Think about what sits on your desk right now: monitor, keyboard wrist pad, notebook, pens/highlighters, sticky notes, coffee tumbler, phone charger, etc. Every subconscious glance at them reinforces associations – with the brand that made them, or the company that gave them to you. That’s why I now view branded objects as a form of media.
Paid media costs you every time someone sees your message. But desk media — the object in daily use — delivers impressions at a scale and cost efficiency few other channels can match. Psychologists have shown for decades that repeated exposure – even if we don’t consciously notice it – increases familiarity and preference (Zajonc, 1968). More recent studies confirm it: a 2021 paper in BMC Psychology found that even a second exposure to an object measurably increased positive feelings compared to a single exposure.
It’s a recurring touchpoint – a miniature billboard sitting in front of someone every day. This is camouflaged influence: the subtle power of objects that don’t draw attention to themselves but still build recall and goodwill. Their strength is in being used naturally. Each use is another impression. Each impression is another moment of credibility reinforced.
Another example of applied learning was when I produced a brushed-steel, desk utility tool/knife – with our company logo etched on the side. Our core business claim then was that electronic payments could cut labor and banking costs by 30 to 50 percent. The tool carried the line: “Cut your expenses by 30–50%.” The tool was well made and people kept it. (noting in today’s climate I would no longer give away a knife!!)

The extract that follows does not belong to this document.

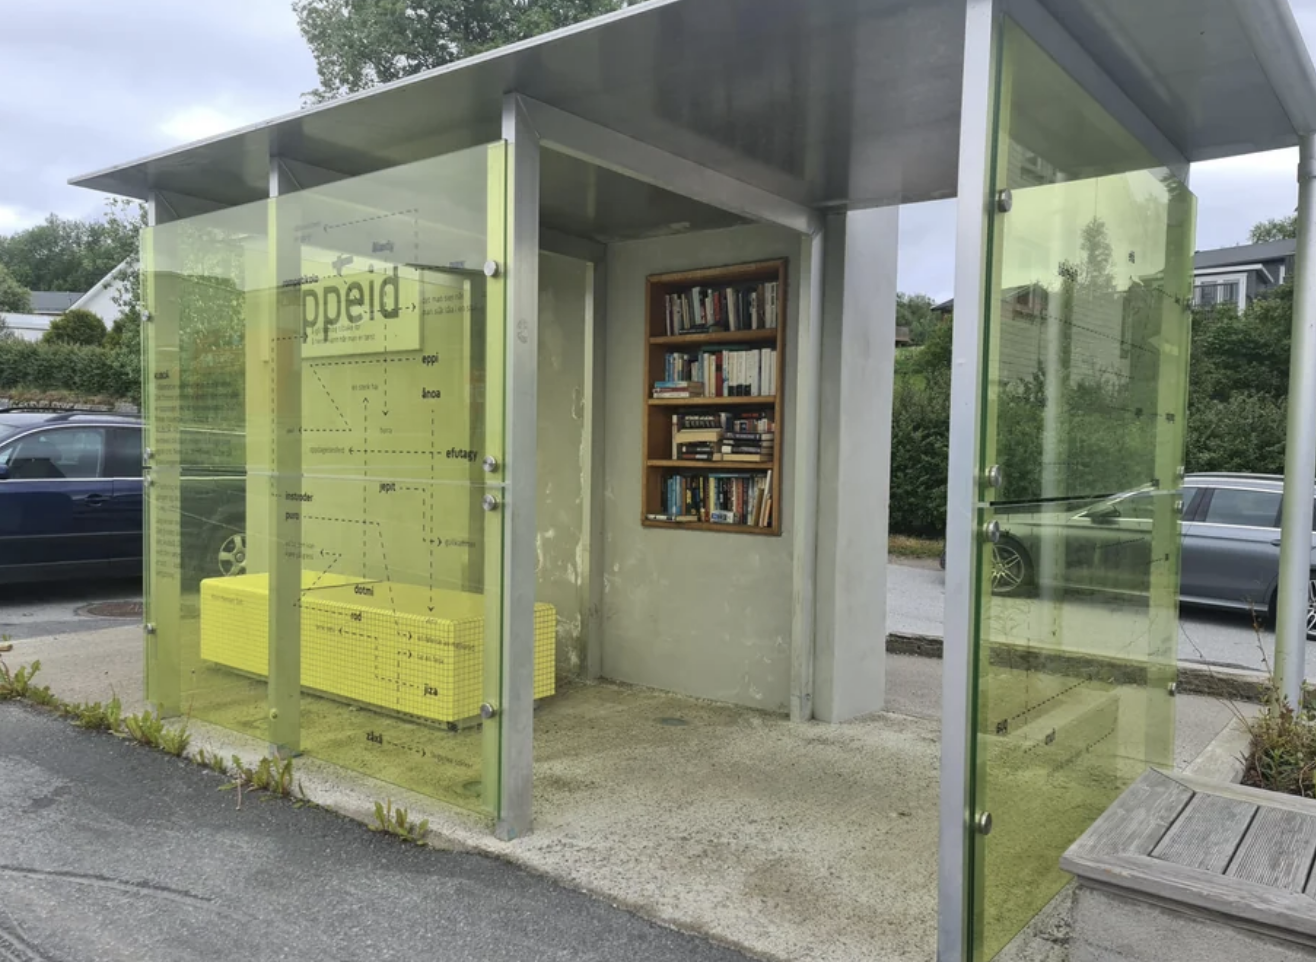 The bus stop is covered, so it&#x27;s protected from the elements, and has a book shelf filled with books built into the wall

In Part 1, my mistake was distributing a branded giveaway that was of lower quality than our executive customers would have purchased for themselves. The opposite is also true. When an item is durable and works as promised, it signals that the brand behind it is equally dependable. A Patagonia jacket with your company’s logo on it isn’t just outerwear, it’s a reflection of your firm’s quality. A YETI cooler carrying your logo, isn’t just storage — it’s an anchor of credibility. Recent work in the Journal of Marketing Analytics found that repeated exposures become effective once they cross a recognition threshold (Elsen, Pieters & Wedel, 2025).
Map Your Customer Journey for Physical Touchpoints
Take a look at your customer journey map – no matter how simple or advanced it is. Now, highlight every point where the customer encounters something physical: your office space, a mailed package, a branded object, a moment at an event. Ask yourself:
• Is this cue reliable, high-quality, and aligned with the credibility we want to project?
• Is there a missed opportunity to insert a tangible reminder of our brand?
This exercise often reveals gaps – and opportunities – where a physical element could reinforce trust and make the brand more “real.”
We already know this works in retail: Apple designed its stores so that every product is out, powered on, and ready to be touched. Forbes has noted that this hands-on model is central to Apple’s ability to build trust and desire before purchase.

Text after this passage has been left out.